==== Source data ====

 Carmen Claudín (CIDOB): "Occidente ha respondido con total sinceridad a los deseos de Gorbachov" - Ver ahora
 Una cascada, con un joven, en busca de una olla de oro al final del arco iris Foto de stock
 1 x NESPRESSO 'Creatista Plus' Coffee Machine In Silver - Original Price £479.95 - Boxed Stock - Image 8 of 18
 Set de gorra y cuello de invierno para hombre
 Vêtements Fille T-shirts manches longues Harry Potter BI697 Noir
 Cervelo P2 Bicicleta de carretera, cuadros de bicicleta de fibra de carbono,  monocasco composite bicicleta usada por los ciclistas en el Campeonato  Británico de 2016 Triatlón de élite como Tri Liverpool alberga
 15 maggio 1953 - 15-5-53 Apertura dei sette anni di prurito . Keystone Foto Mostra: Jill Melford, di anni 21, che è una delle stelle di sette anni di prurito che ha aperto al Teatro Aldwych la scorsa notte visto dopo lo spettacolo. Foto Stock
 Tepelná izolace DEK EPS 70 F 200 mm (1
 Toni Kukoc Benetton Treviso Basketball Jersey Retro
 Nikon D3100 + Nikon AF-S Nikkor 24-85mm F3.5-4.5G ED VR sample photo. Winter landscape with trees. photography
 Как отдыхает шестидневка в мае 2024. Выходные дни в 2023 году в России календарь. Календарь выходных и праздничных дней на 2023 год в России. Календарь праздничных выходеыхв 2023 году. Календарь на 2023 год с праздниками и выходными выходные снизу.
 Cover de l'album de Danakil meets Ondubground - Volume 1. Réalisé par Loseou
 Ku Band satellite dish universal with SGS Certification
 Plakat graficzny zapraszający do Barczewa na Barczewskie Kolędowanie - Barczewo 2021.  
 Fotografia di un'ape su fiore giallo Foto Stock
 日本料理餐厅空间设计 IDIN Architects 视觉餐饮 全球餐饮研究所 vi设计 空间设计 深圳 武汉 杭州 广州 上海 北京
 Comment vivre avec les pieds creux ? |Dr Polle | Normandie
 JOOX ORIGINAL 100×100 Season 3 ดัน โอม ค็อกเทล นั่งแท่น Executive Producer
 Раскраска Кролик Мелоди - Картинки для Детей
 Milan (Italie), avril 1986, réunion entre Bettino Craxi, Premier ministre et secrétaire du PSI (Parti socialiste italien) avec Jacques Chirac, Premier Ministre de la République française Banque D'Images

====

Requirement:
In full and exactly as written, the listing is to be copied again.

Exercise output:
 Carmen Claudín (CIDOB): "Occidente ha respondido con total sinceridad a los deseos de Gorbachov" - Ver ahora
 Una cascada, con un joven, en busca de una olla de oro al final del arco iris Foto de stock
 1 x NESPRESSO 'Creatista Plus' Coffee Machine In Silver - Original Price £479.95 - Boxed Stock - Image 8 of 18
 Set de gorra y cuello de invierno para hombre
 Vêtements Fille T-shirts manches longues Harry Potter BI697 Noir
 Cervelo P2 Bicicleta de carretera, cuadros de bicicleta de fibra de carbono,  monocasco composite bicicleta usada por los ciclistas en el Campeonato  Británico de 2016 Triatlón de élite como Tri Liverpool alberga
 15 maggio 1953 - 15-5-53 Apertura dei sette anni di prurito . Keystone Foto Mostra: Jill Melford, di anni 21, che è una delle stelle di sette anni di prurito che ha aperto al Teatro Aldwych la scorsa notte visto dopo lo spettacolo. Foto Stock
 Tepelná izolace DEK EPS 70 F 200 mm (1
 Toni Kukoc Benetton Treviso Basketball Jersey Retro
 Nikon D3100 + Nikon AF-S Nikkor 24-85mm F3.5-4.5G ED VR sample photo. Winter landscape with trees. photography
 Как отдыхает шестидневка в мае 2024. Выходные дни в 2023 году в России календарь. Календарь выходных и праздничных дней на 2023 год в России. Календарь праздничных выходеыхв 2023 году. Календарь на 2023 год с праздниками и выходными выходные снизу.
 Cover de l'album de Danakil meets Ondubground - Volume 1. Réalisé par Loseou
 Ku Band satellite dish universal with SGS Certification
 Plakat graficzny zapraszający do Barczewa na Barczewskie Kolędowanie - Barczewo 2021.  
 Fotografia di un'ape su fiore giallo Foto Stock
 日本料理餐厅空间设计 IDIN Architects 视觉餐饮 全球餐饮研究所 vi设计 空间设计 深圳 武汉 杭州 广州 上海 北京
 Comment vivre avec les pieds creux ? |Dr Polle | Normandie
 JOOX ORIGINAL 100×100 Season 3 ดัน โอม ค็อกเทล นั่งแท่น Executive Producer
 Раскраска Кролик Мелоди - Картинки для Детей
 Milan (Italie), avril 1986, réunion entre Bettino Craxi, Premier ministre et secrétaire du PSI (Parti socialiste italien) avec Jacques Chirac, Premier Ministre de la République française Banque D'Images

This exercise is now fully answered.